There's a misconception about the adversary (the Devil, Satan, whatever you want to call him) in our time, where people think he's this red demon with horns surrounded by flames, or some may even try to convince you he doesn't exist at all. I could tell you many many things regarding this topic, but I can assure you he does not work like the "boogey man" some imagine. He's sneaky and creeps into our lives little by little, whether it starts with negative thoughts or small addictions that lead you further and further down his path, you can be sure he's there.

I don't say this to make anyone fearful, my intention is to help bring that to awareness because sometimes we may wonder "why am I not getting an answer or feeling a connection with my Heavely Father?", when the reason why may be something simple. We may need to change a simple negative habit, or we may need to get rid of a series of things in our lives to strengthen our relationship with our Heavenly Father and Savior.
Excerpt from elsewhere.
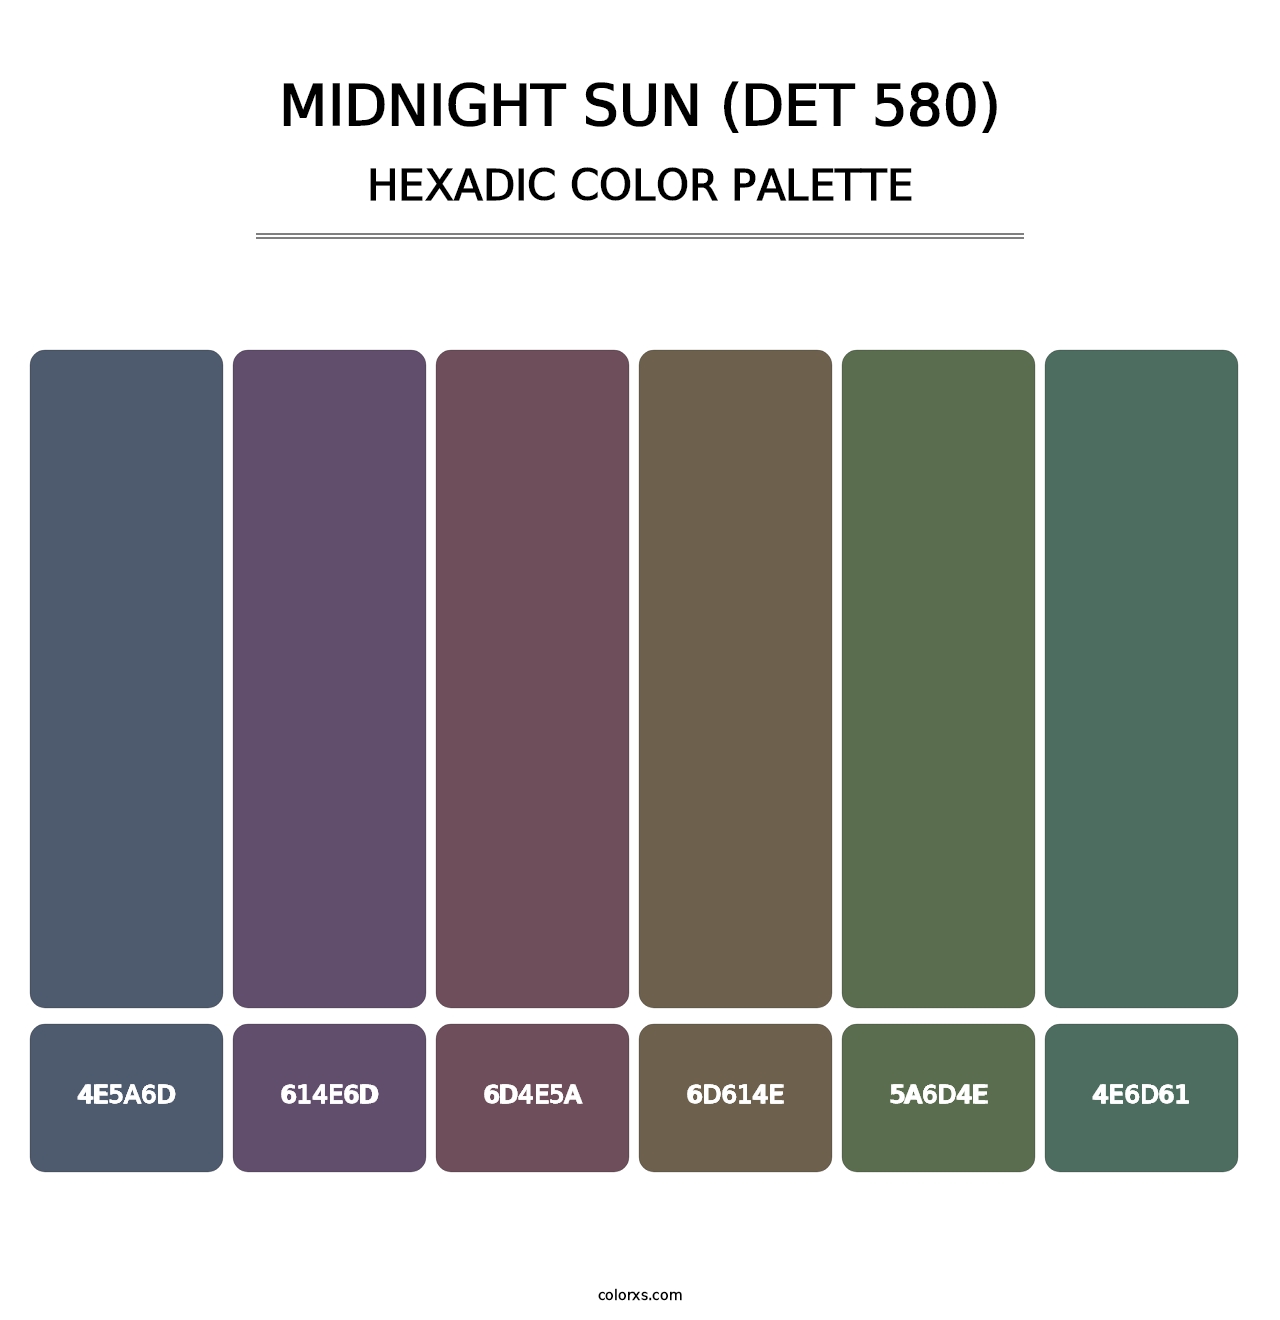 Midnight Sun (DET 580) - Hexadic Color Palette
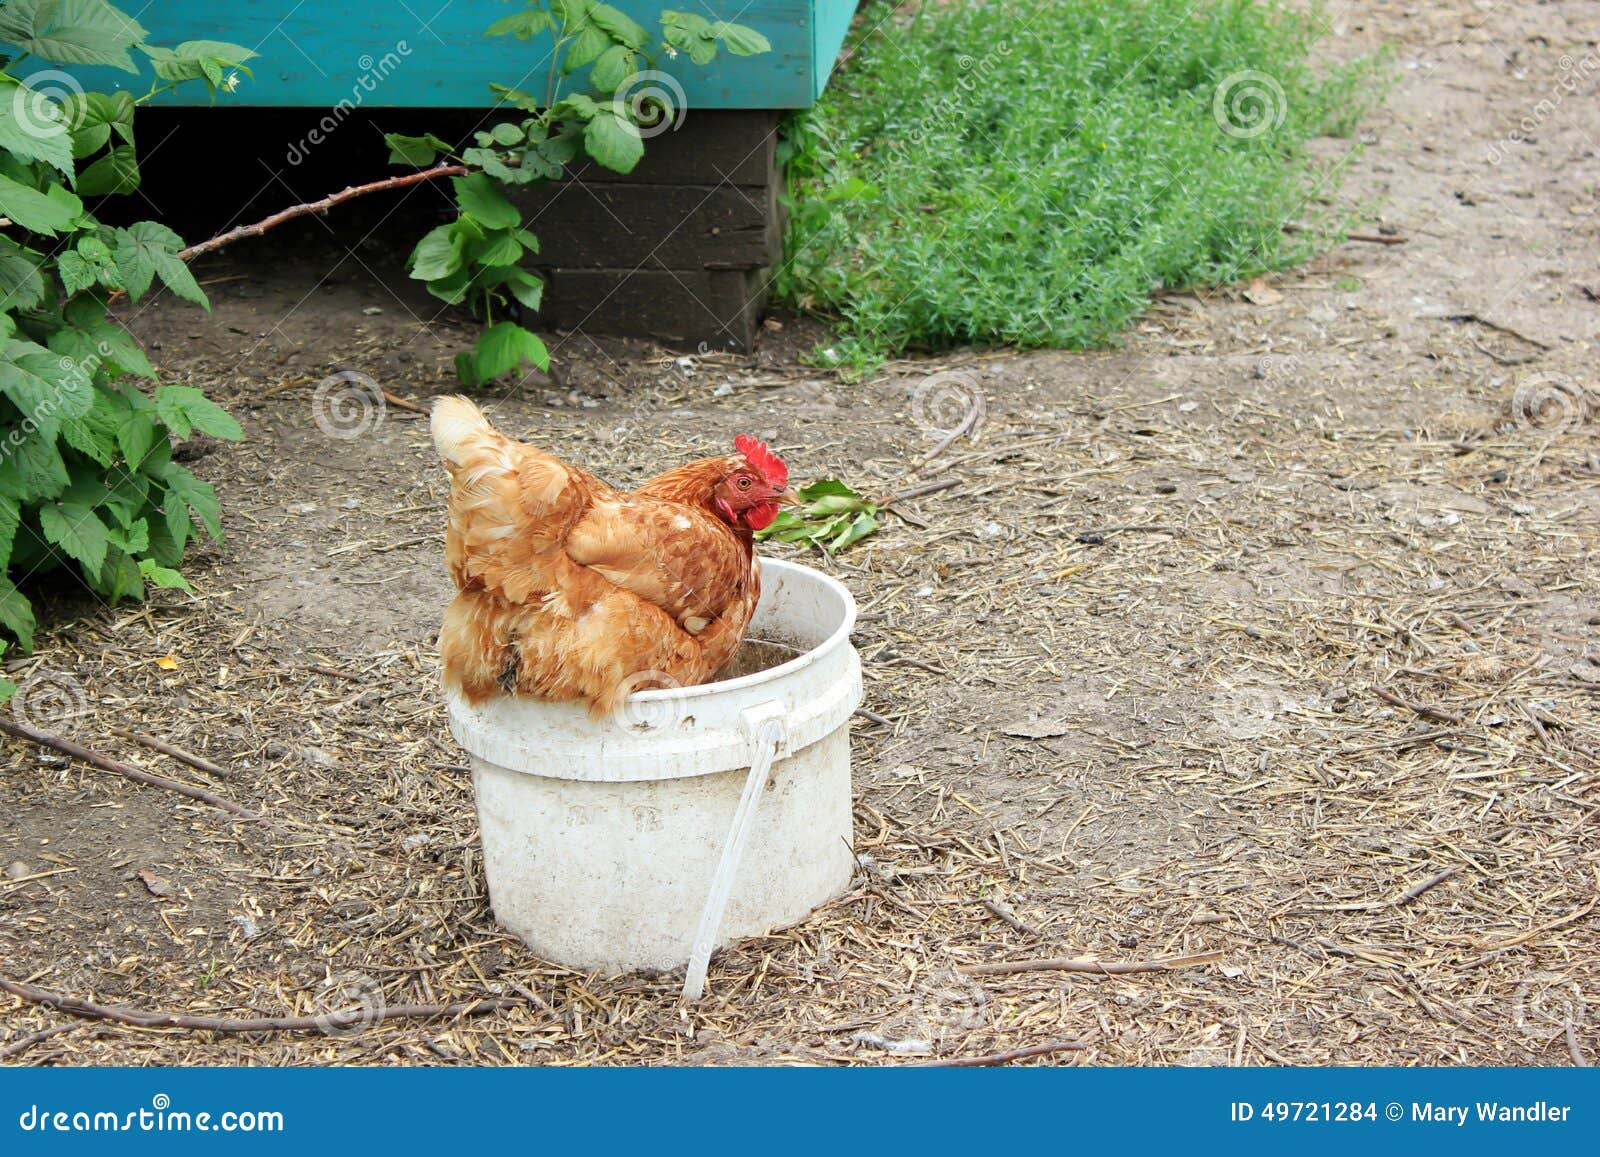 Chicken sitting in a water bucket in a chicken coop.

If you haven't already,  or if you feel you've been slacking like I was (and still am a lot of the time)  start doing the simple things TODAY. Start making constant prayer a priority,  whether you're driving or on your knees by your bed. You want protection and many other endless amounts of blessings?  Read your scriptures, follow His commandments,  ask Him questions and with genuinely open heart and contrite spirit seek those answers.

I promise you that God loves you, He wants to answer your questions,  He wants you to feel His love, He wants to comfort you, and most of all He wants to welcome you back home with a warm embrace.

Lyssa

Wednesday, April 19, 2017

Heart of Gold

Hopefully I'm not embarrassing my husband too much by sharing this story, but it's his birthday! So why not? haha I had to highlight one of the reasons I love him and why others admire him.

A few years ago before my brother Amon passed away Daniel and I went to visit him and my mom. My mom needed help with something that required her and I to go out for 45min or so, and Daniel ended up babysitting Amon. Now, for those who don't know, my brother had special needs and had the mentality of an 8 month old baby. He required 24/7 care (although he could walk), so leaving him with anyone besides our immediate family was very rare.

Even though it wasn't an easy task, my sweet new fiance (at the time) took it on and my mom and I left. When we arrived he was giving my brother a shower because he'd had a dirty diaper. I remember feeling so many things (especially humbled) in that moment but I kept myself together and asked him:

Me: "How come you gave him a shower babe? You didn't have to do that"

and his response was simple:

Daniel: "I couldn't leave him dirty, I know I wouldn't want to be dirty"

Now, to many people that may not mean much, I don't know, but for me that meant the world. Here is Daniel who had never taken care of my brother alone before and he was giving him a shower because he'd had a dirty diaper. I know for a fact that wasn't easy for him, but he cared more about my brother's well-being than his own pride in that moment, and not once did he complain.

I'm pretty sure I cried that night because I was so humbled and touched by that. To me that was one of the most selfless things anyone had ever done for my brother. He could've called me and told me to hurry home, or waited, but he was too focused on my brother's well-being that he took care of him on his own.

I've always joked with him that when I grow up I want to be like him, and every time I tell this story I remember why. He makes me want to be more selfless, grateful, humble, and so much more.

Happy birthday my babe, stay loving and selfless.